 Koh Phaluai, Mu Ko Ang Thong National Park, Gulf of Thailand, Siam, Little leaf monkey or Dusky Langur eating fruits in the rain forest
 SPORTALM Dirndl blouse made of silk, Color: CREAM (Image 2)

...

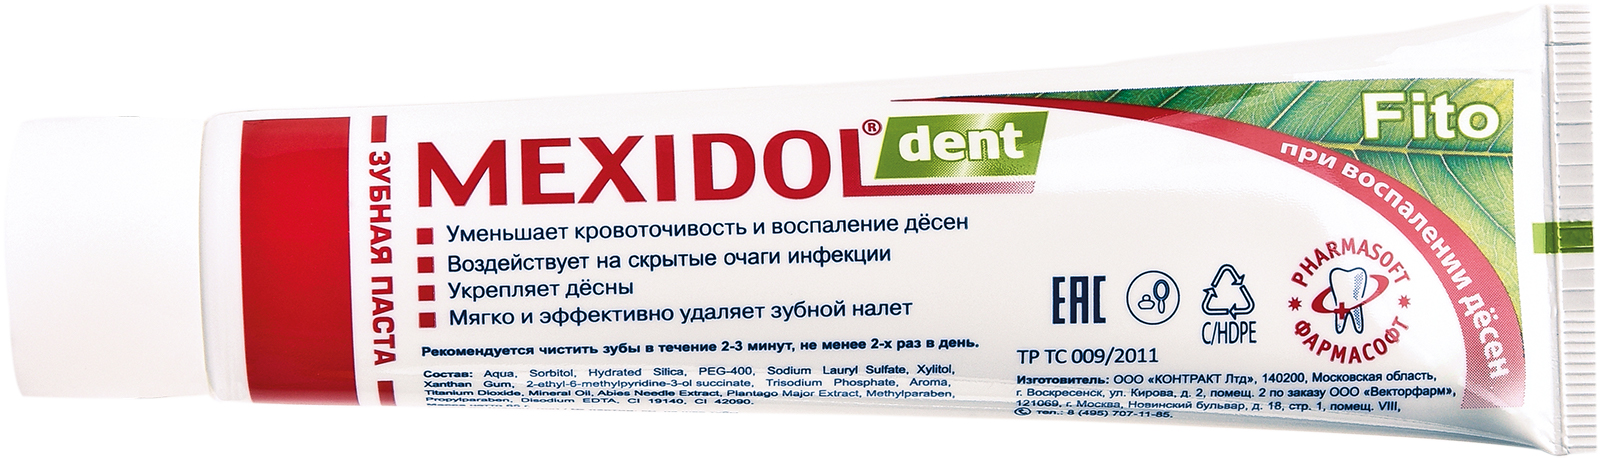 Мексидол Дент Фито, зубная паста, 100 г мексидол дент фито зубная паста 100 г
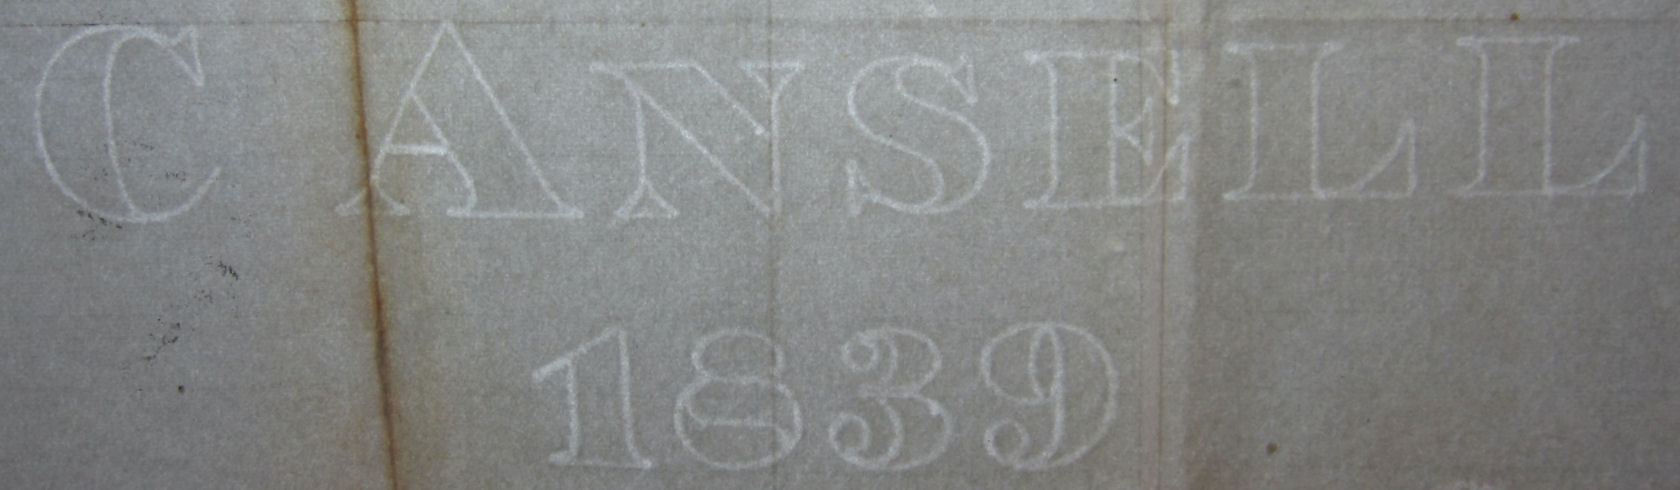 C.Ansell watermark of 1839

- WHAT THIS TASK INVOLVES: Only the lines above from the one with "Koh Phaluai, Mu" up to and including the one with "SPORTALM Dirndl blouse" should be repeated, exactly as written.

- YOUR RESPONSE:
 Koh Phaluai, Mu Ko Ang Thong National Park, Gulf of Thailand, Siam, Little leaf monkey or Dusky Langur eating fruits in the rain forest
 SPORTALM Dirndl blouse made of silk, Color: CREAM (Image 2)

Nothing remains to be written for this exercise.